Thursday, September 21, 2006

Guess Who?

Let's play: Guess who said this?

"We will find a way to sort this out as Anglicans, so we have a common future. But whenever you’re in a badly broken relationship, the first thing you need is space," he said. "If they take away the space of a diocese of being able to choose its own leader, they send a signal that the Episcopal Church intends to move totally contrary to the Anglican Communion."

Need a little more time?

Ready for the answer?

Kendall Harmon in his comments on his blog, titusonenine

I kid you not.

Take a minute to let it sink in and then ...
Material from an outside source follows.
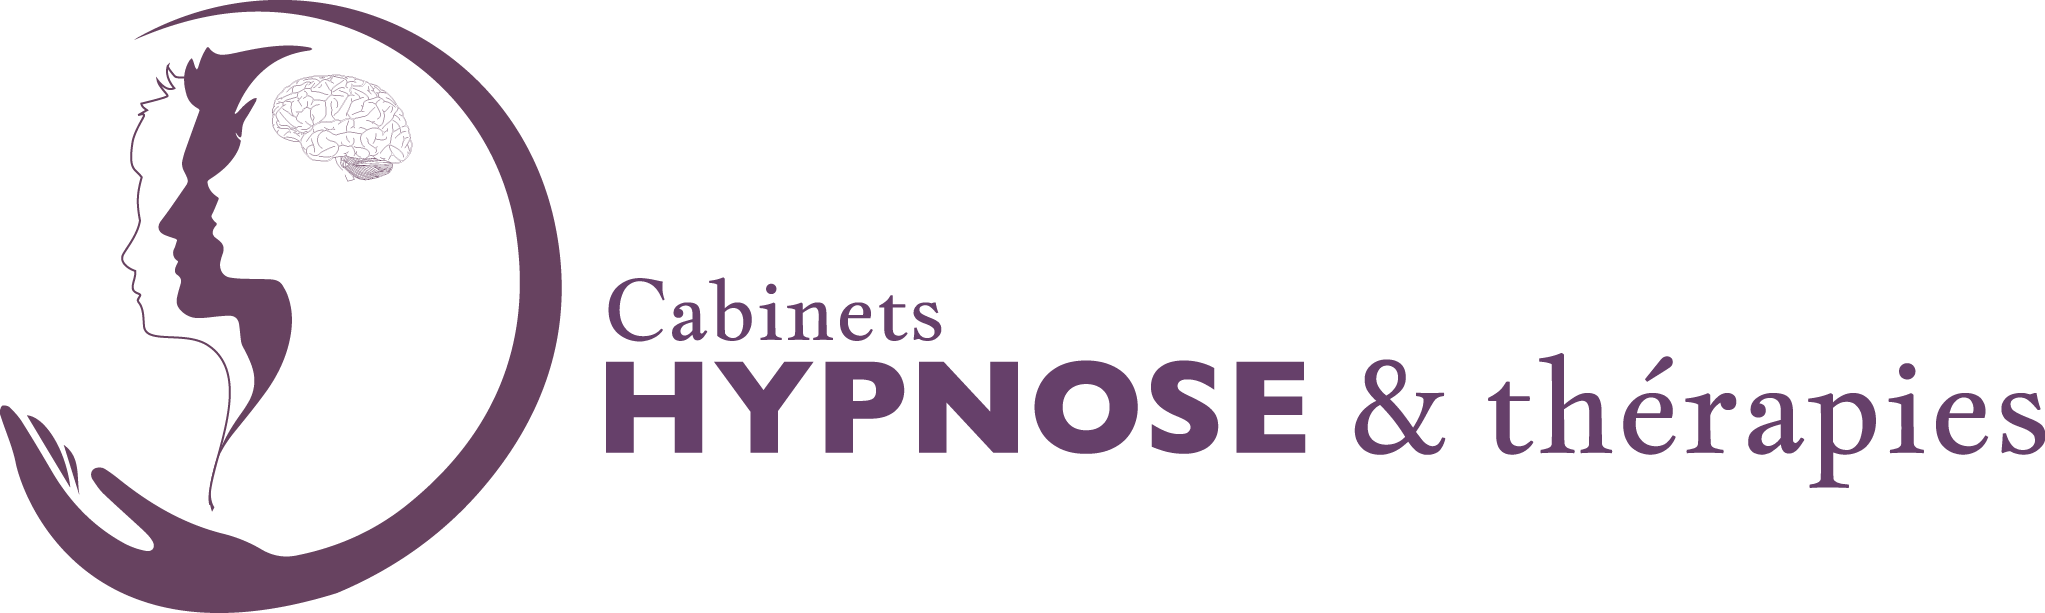 logo du cabinet d'hypnose Améthyste, nom en mauve avec un arbre stylisé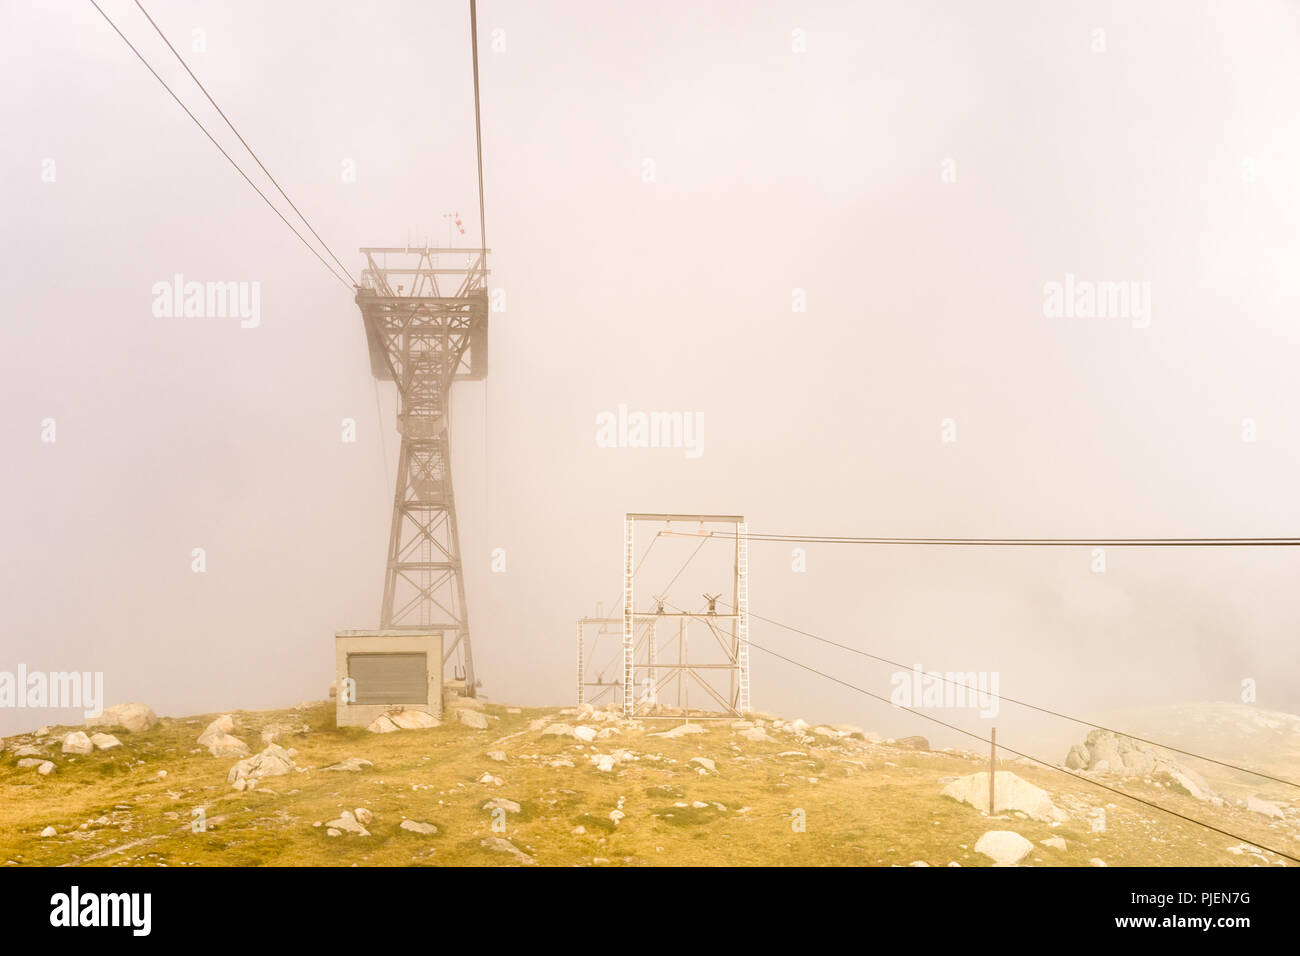 Um Seilbahn zum Aussichtspunkt am Gipfel des Mont Blanc Berg Szene, höchster Gipfel Europas, in Chamoix Mont-Blanc Stadt mit viel Nebel. Stockfoto

Help me understand how it makes any sense that the "space of a diocese of being able to choose its own leader" should stop at the border of South Carolina while other dioceses -- let's just start with New Hampshire and Newark for the moment -- don't qualify for the same "space."

This one not only "makes the heart sad" it makes the head spin!

3 comments:

Will said...

And it makes my blood pressure shoot right straight through my head .. and my head is pretty hard on some issues.

Can I say WHAT BRAZEN ARROGANCE .. is it okay to say that here?

soft spoken, gentle hearted Will :-)

Jon said...

A gander is the male form of a goose.

It will be interesting to see whether the traditional reticence to blocking an election on grounds other than a failure to follow proper proceedure holds now that we have B033 suggesting consents be withheld for those who's election puts a strain on the rest of the church.

Jon

Tony Seel said...

Kendall's response:
Dioceses elect Bishops for the whole church, Susan, which is why Standing Committees and bishops with jurisdiction need to consent to their election. The choice of a diocese needs to be respected but within the overall framework of evangelical faith and catholic order. The problem with the New Hampshire choice is that it violated both.

In 1955 or 1956 the Diocese of Colorado elected C. Norman Middleton as their Suffragan Bishop. He was later rejected by the House of Bishops because he had been divorced and remarried many years previously. They later had to elect someone else. This is an example of the overall framework of evangelical faith and catholic order limiting diocesan choice, it is autonomy-in-communion as it used to operate in our own Province (Hat tip Bishop Bill Frey who this week emailed me with this information).

South Carolina made its choice based on its own discernment and in accord with evangelical faith and catholic order. We are a diocese which seeks to follow the teaching and practice of the Anglican Communion. If the diocesan choice here were to be rejected because of its electee’s theology, it would be a tragic decision to signal to the communion that current Anglican teaching and practice is longer approved in the episcopate of this Province. It would further be a hypocritical lack of application of the same standard that was purported to be exercised in approving other reappraising dioceses elections of bishops to the situation in the reasserting diocese of South Carolina–KSH.